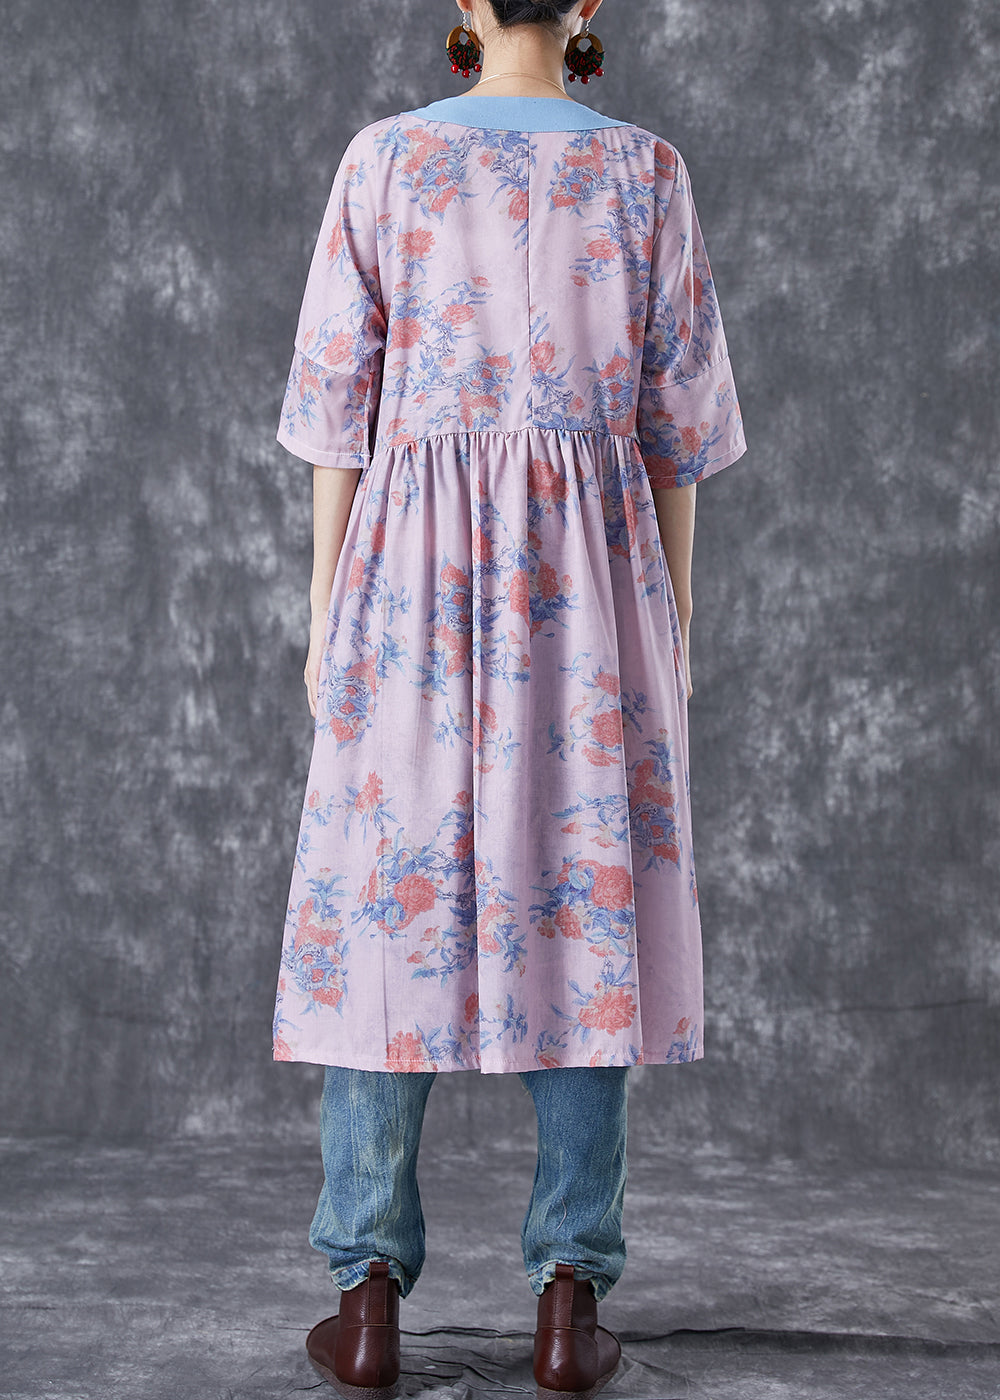 Natural Pink V Neck Patchwork Print Linen Robe Dresses Summer TA1038
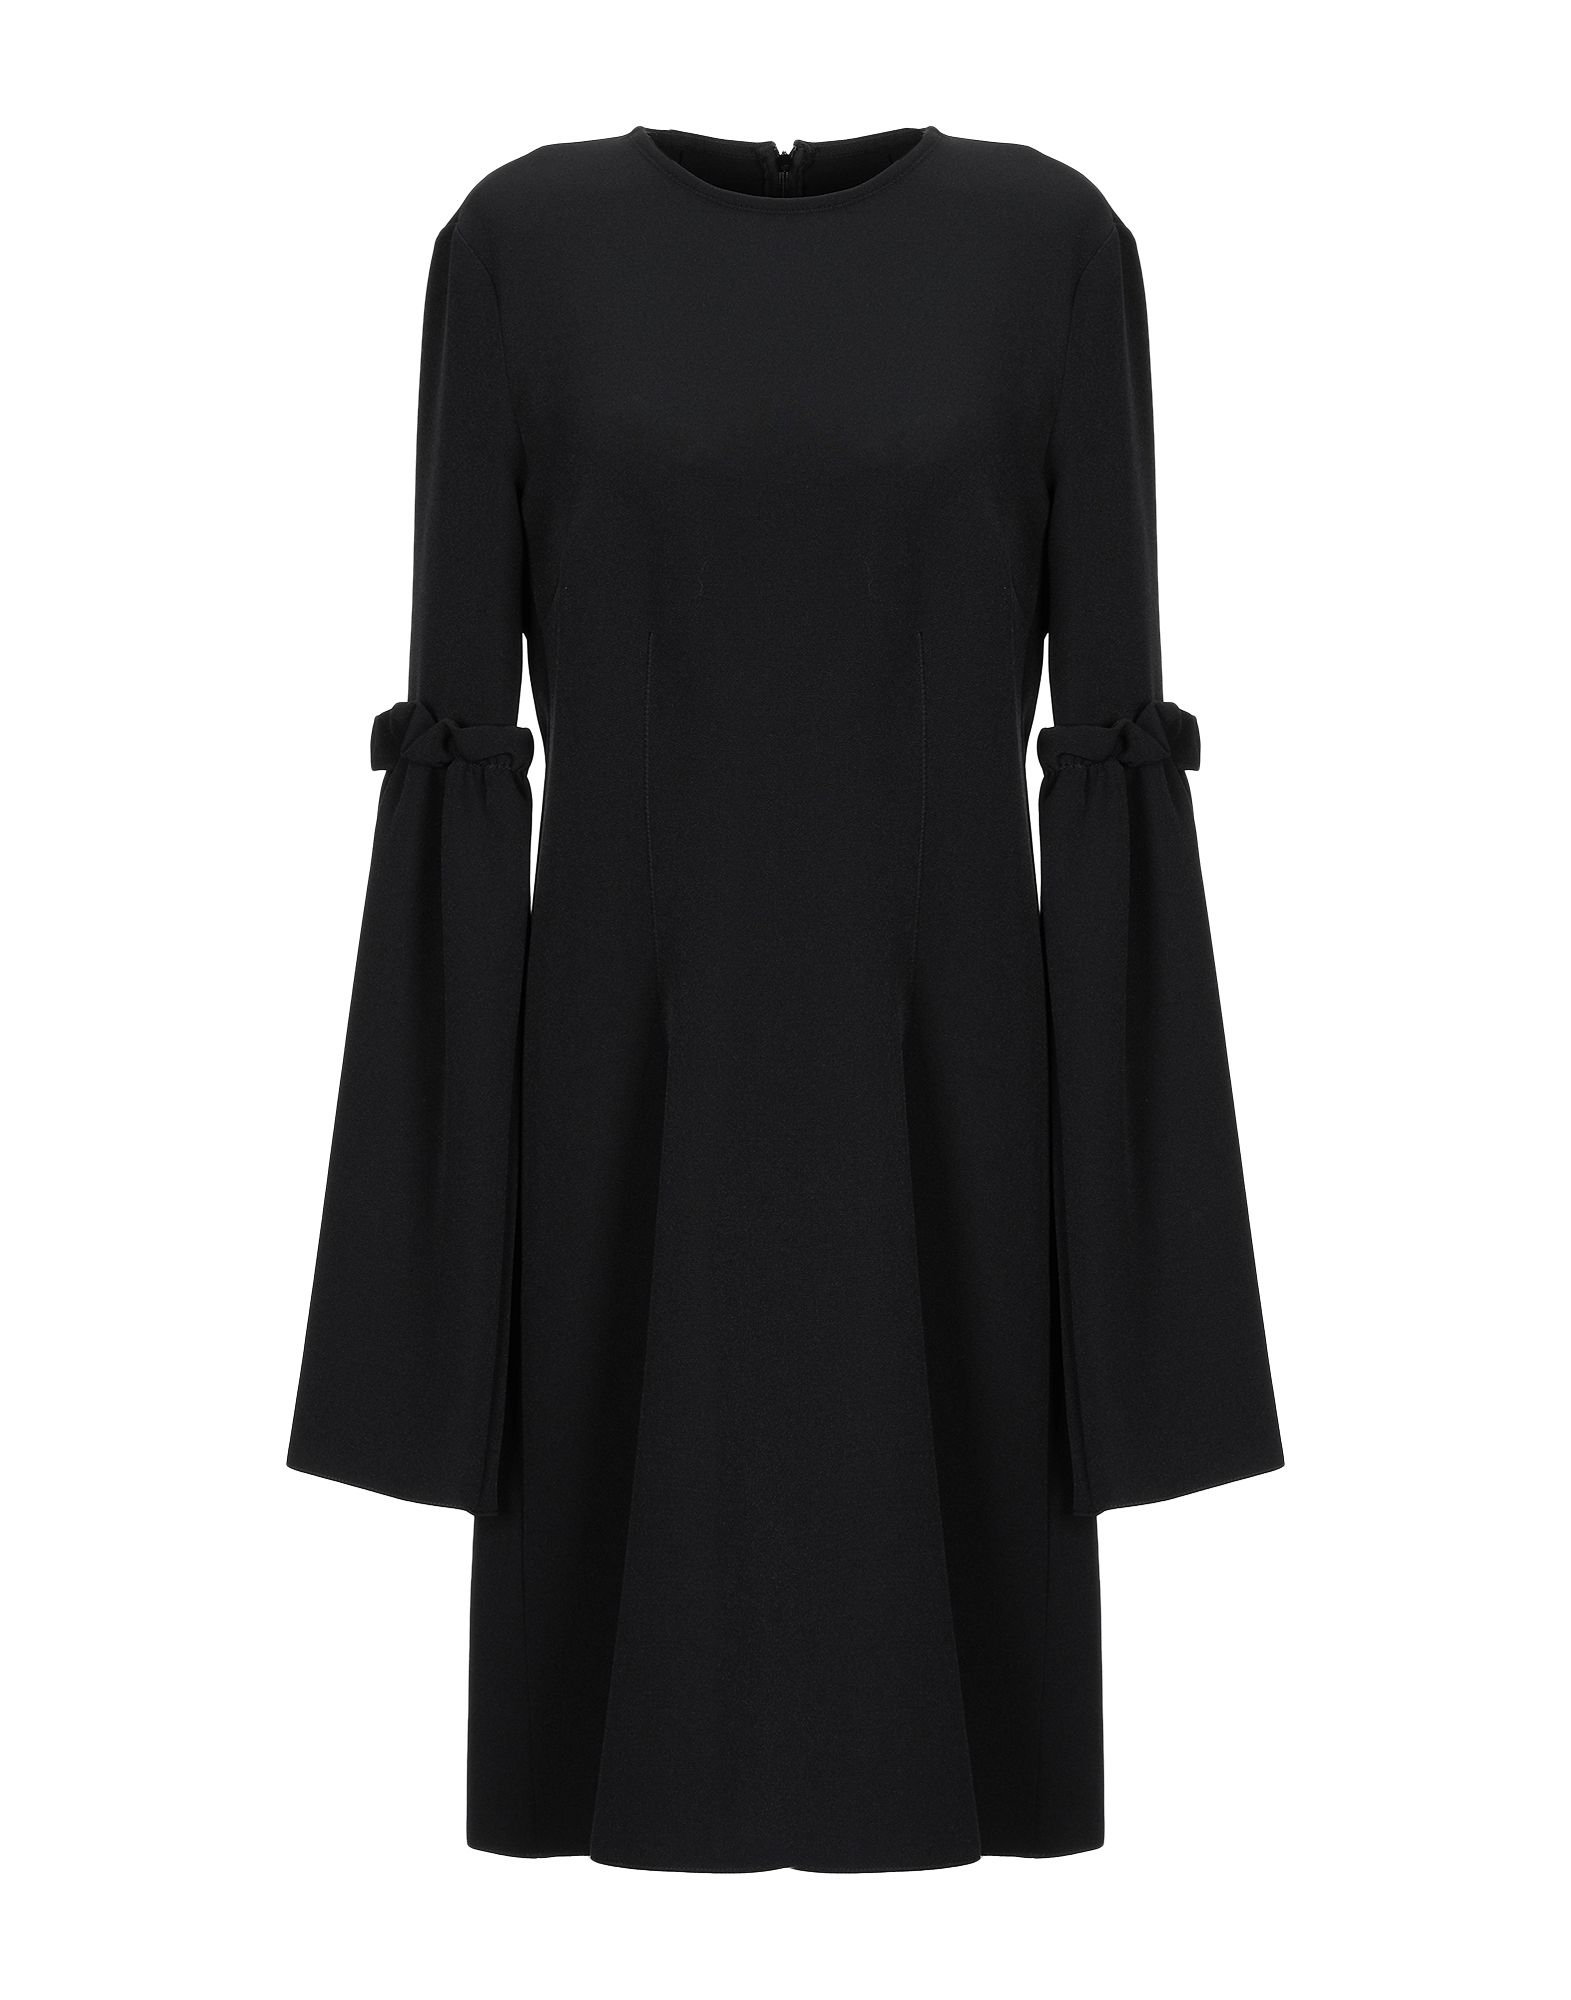 Mm6 Maison Margiela Short Dress In Black | ModeSens
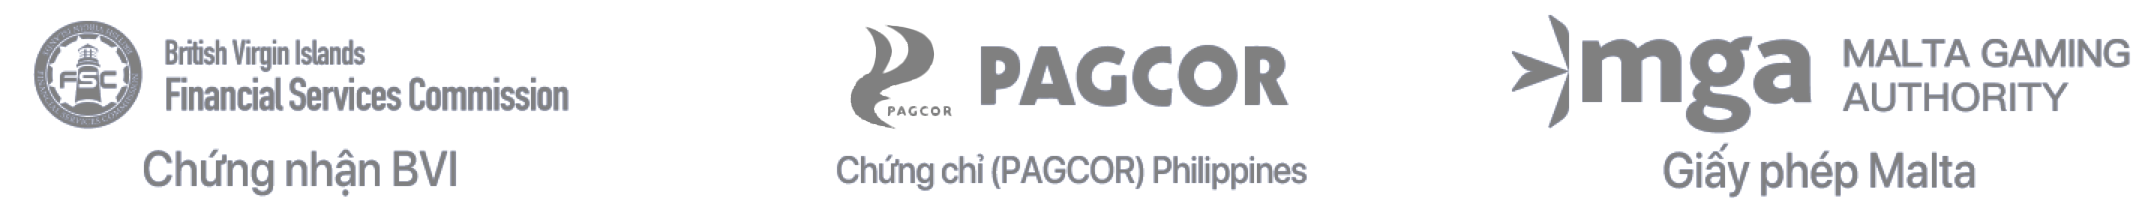 giấy chứng nhận từ BVI, PAGCOR Philippines, Giấy phép Malta
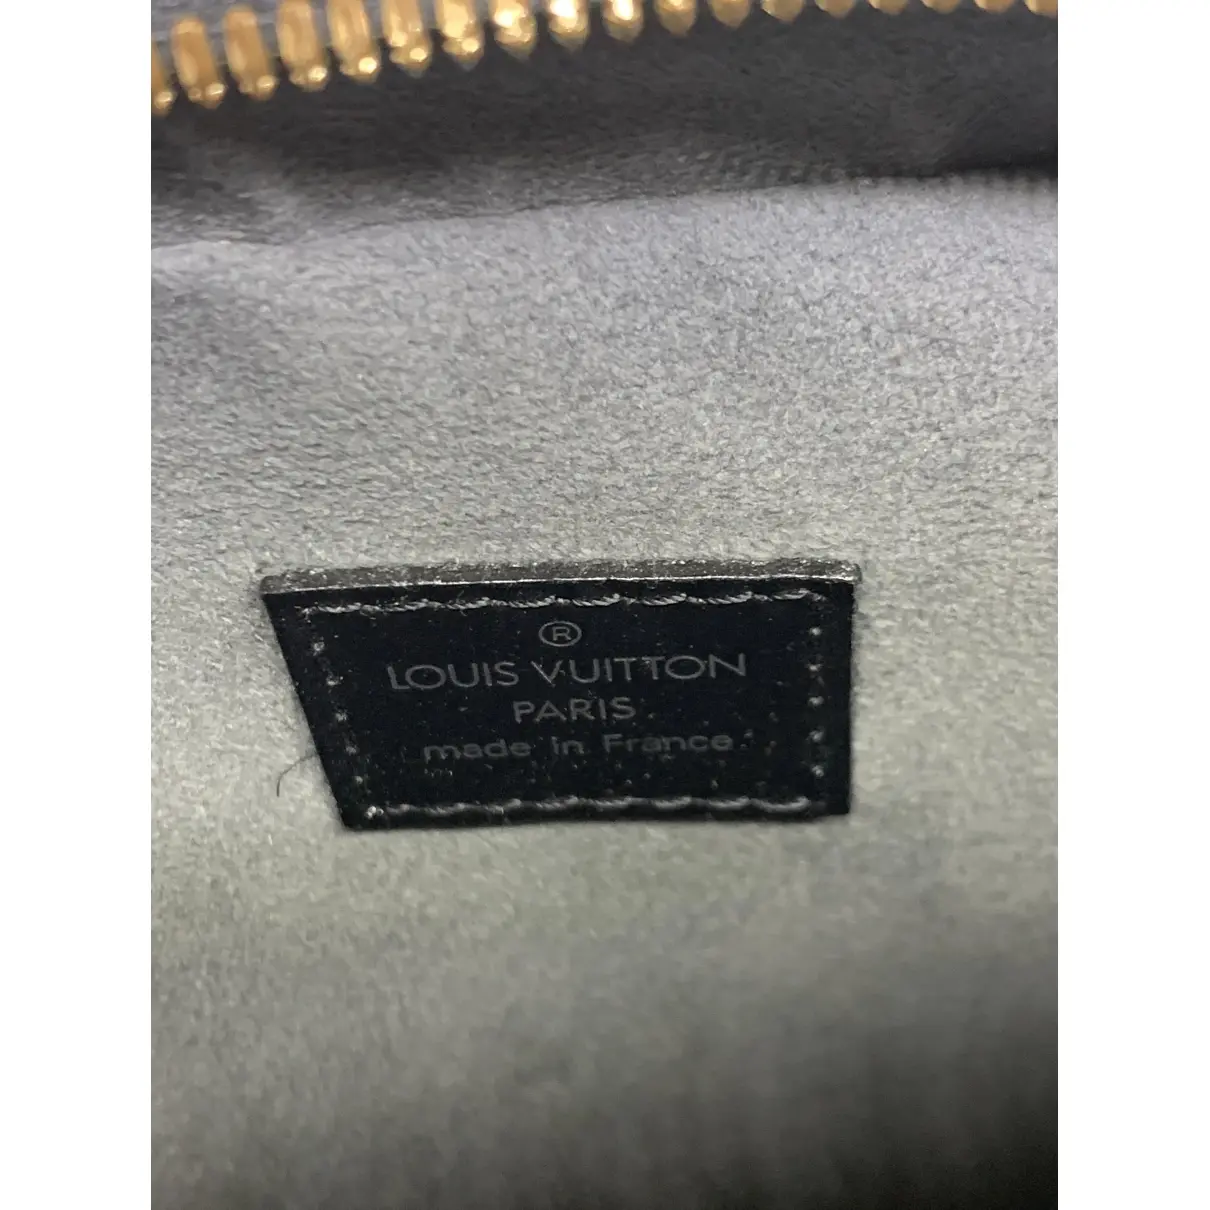 Buy Louis Vuitton Sablon leather handbag online - Vintage

**Required work**: Starting at the line that contains "Mm6 Maison Margiela", retype each line through the final one in the listing, with both ends kept and the pictures omitted.

**Exercise output**:
 Mm6 Maison Margiela Short Dress In Black | ModeSens
 giấy chứng nhận từ BVI, PAGCOR Philippines, Giấy phép Malta
 Buy Louis Vuitton Sablon leather handbag online - Vintage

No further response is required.